I don’t know what to do with my anger. And I am afraid to let it surface. So it comes out in painfully inappropriate and unfulfilling ways. Angry with the deceased is a strange thing, You can’t express it or mend it. I guess I could shout out loud to the breeze but the rest of the house would not put up with it. Warm up and forgive I’m telling me.
Having anger towards the deceased does you no good. You need to let it go. It only harms you. I assume you are talking about your mother again. You really need to let it go and try to enjoy the rest of your life. Time being angry is wasted time. You are only torturing yourself.
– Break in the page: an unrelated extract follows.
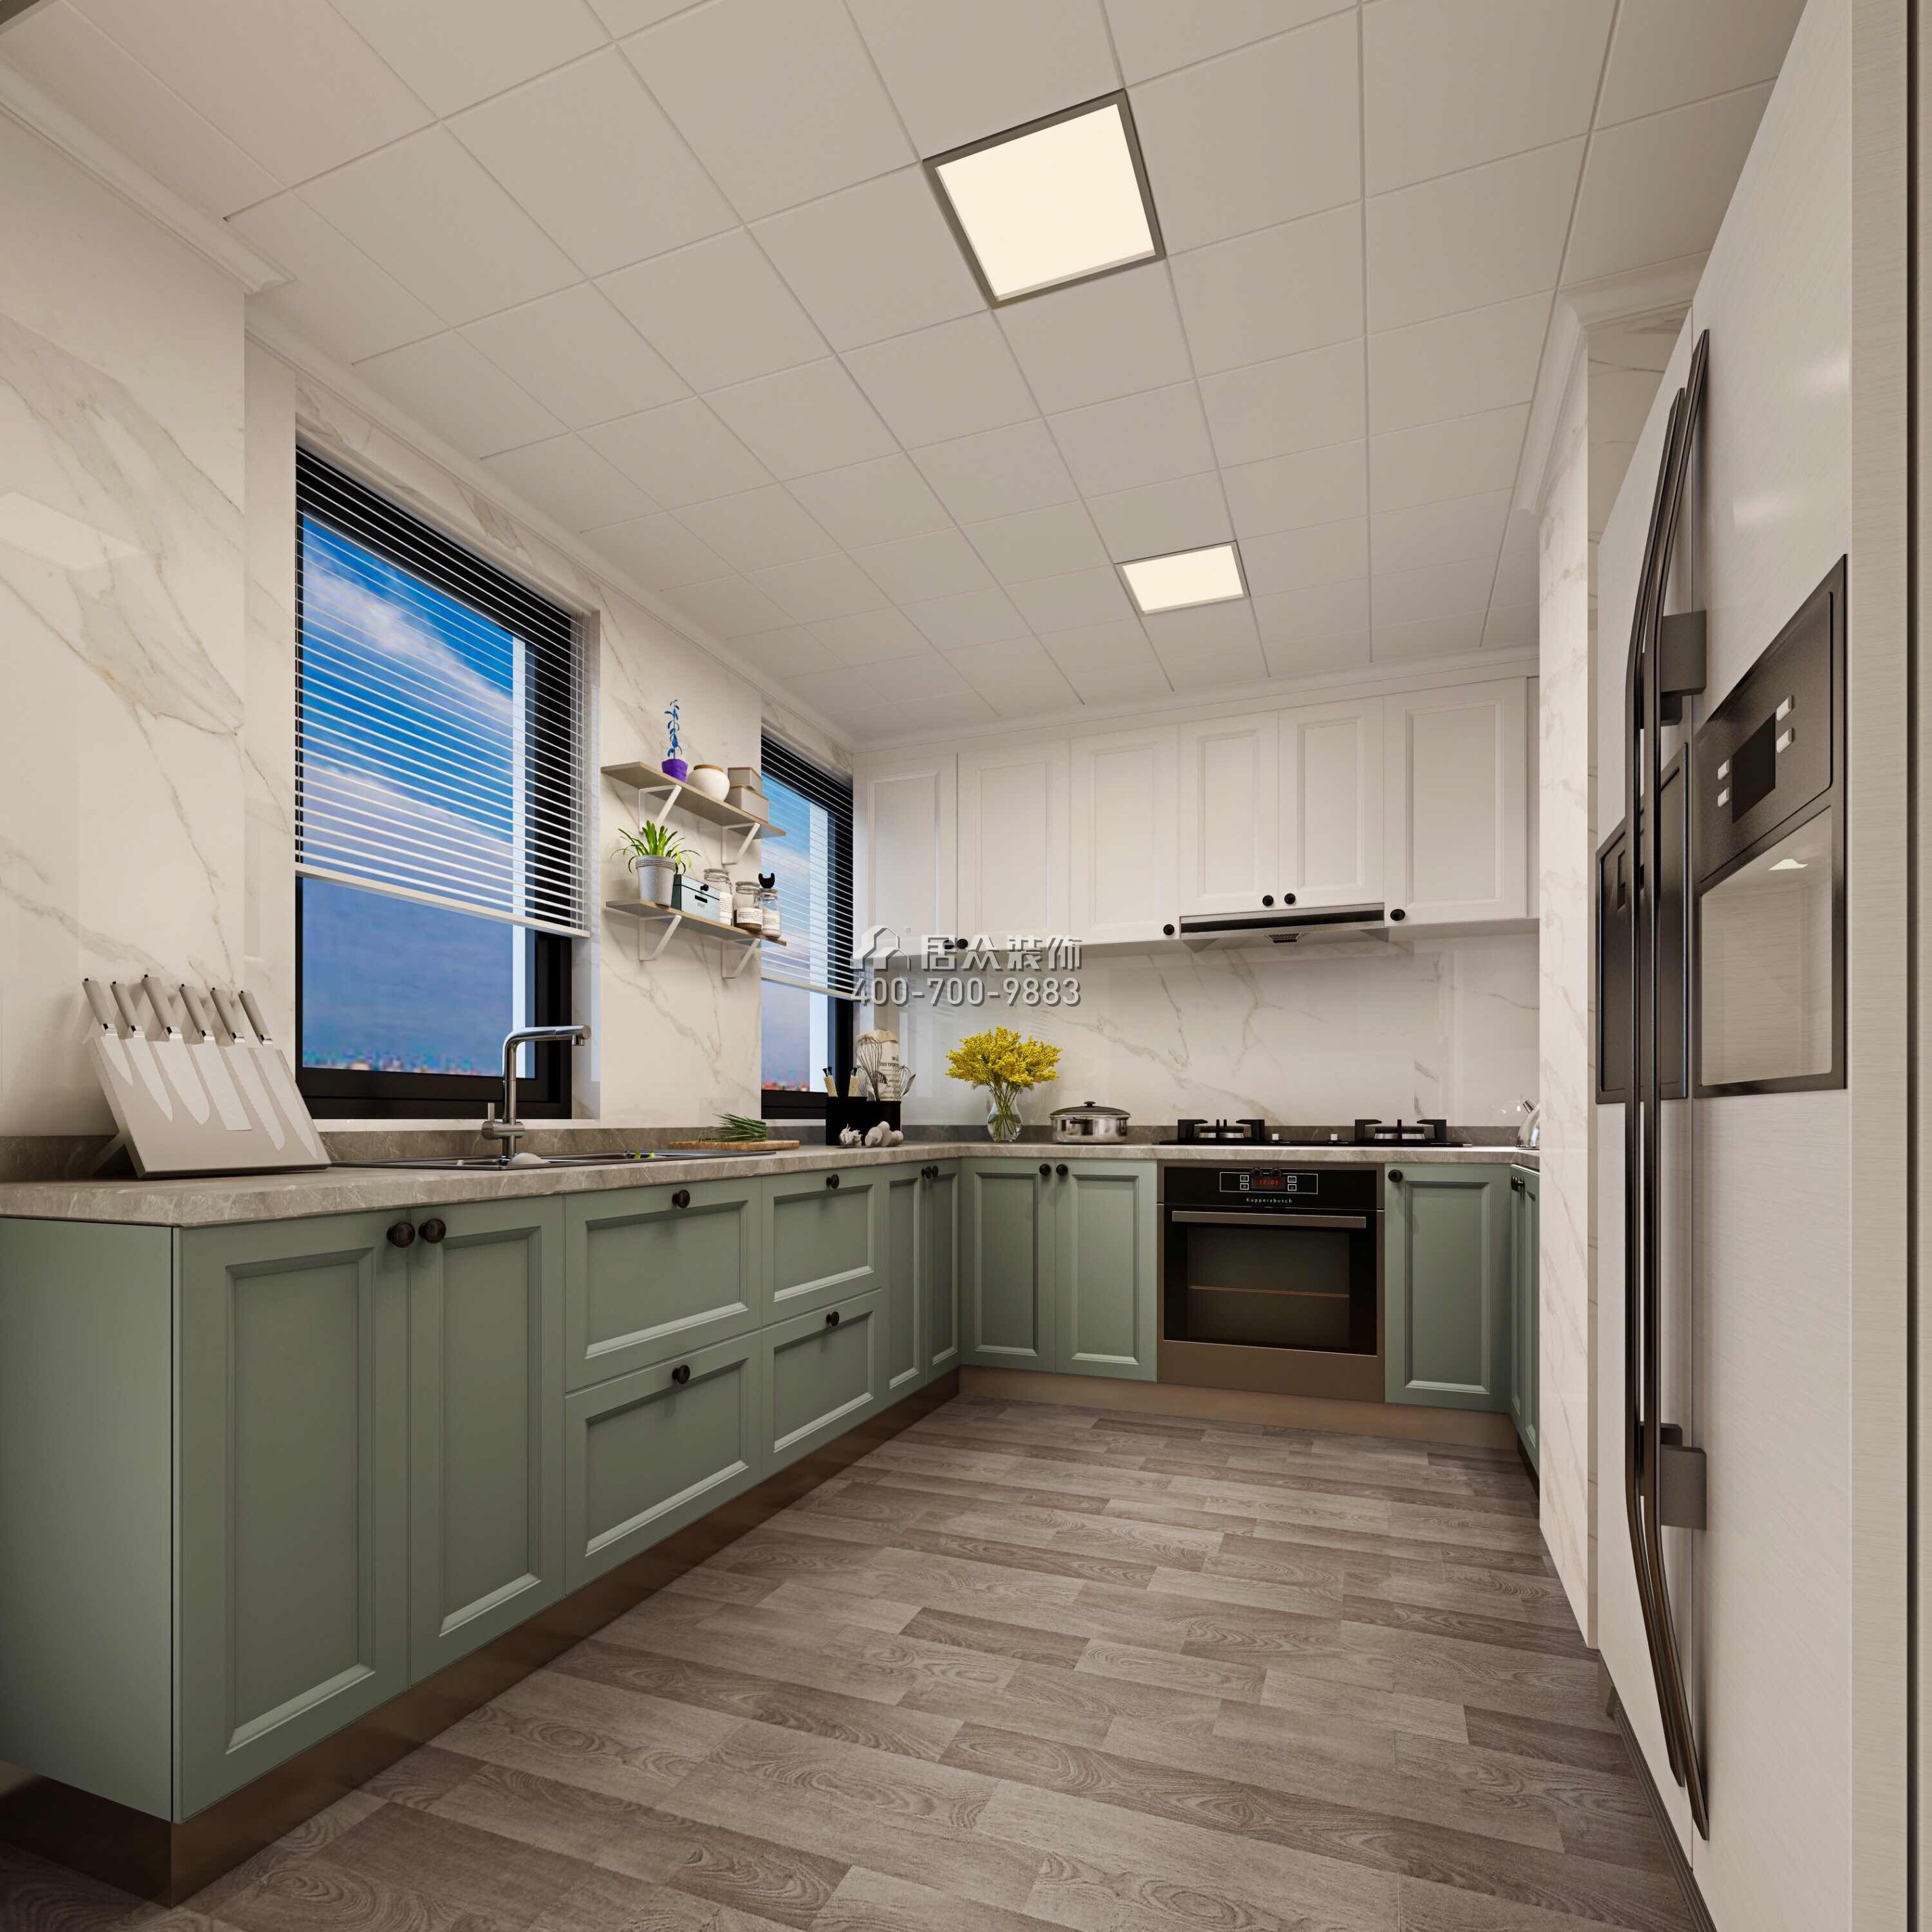 星河传说聚星岛110平方米美式风格平层户型厨房装修效果图

How can you help the way you feel?
I dunno @PinCushion . Try to focus on something else. This constant anger towards the deceased is not healthy. You can’t even talk to them to get out your frustrations. You need to focus on the living and enjoy your life.
Some people write letters to people who hurt them.
Trying to redirect my anger is what is giving me headaches. Wanting to touch someone becomes wanting to hit them.
It sounds like you need a punching bag or something. Maybe hitting a pillow? I dunno. Seems like you need an outlet for your frustrations. I don’t know what your physical capabilities are at your age but I would recommend getting some frustrations out with exercise if you can.
I’m afraid I’m out for blood. Don’t worry, I know better. I won’t do anything violent. I’ve been trying to quit violating myself which what I used to do.
I don’t think anger is a positive moods. You shouold let it go.
I successfully released anger by doing creative things. I drew on the computer, wrote poetry and practised angry scenes from movies. It got pretty intense, but I expressed myself eventually. Most of my computer drawings look like something a 2 year old would draw, but it worked.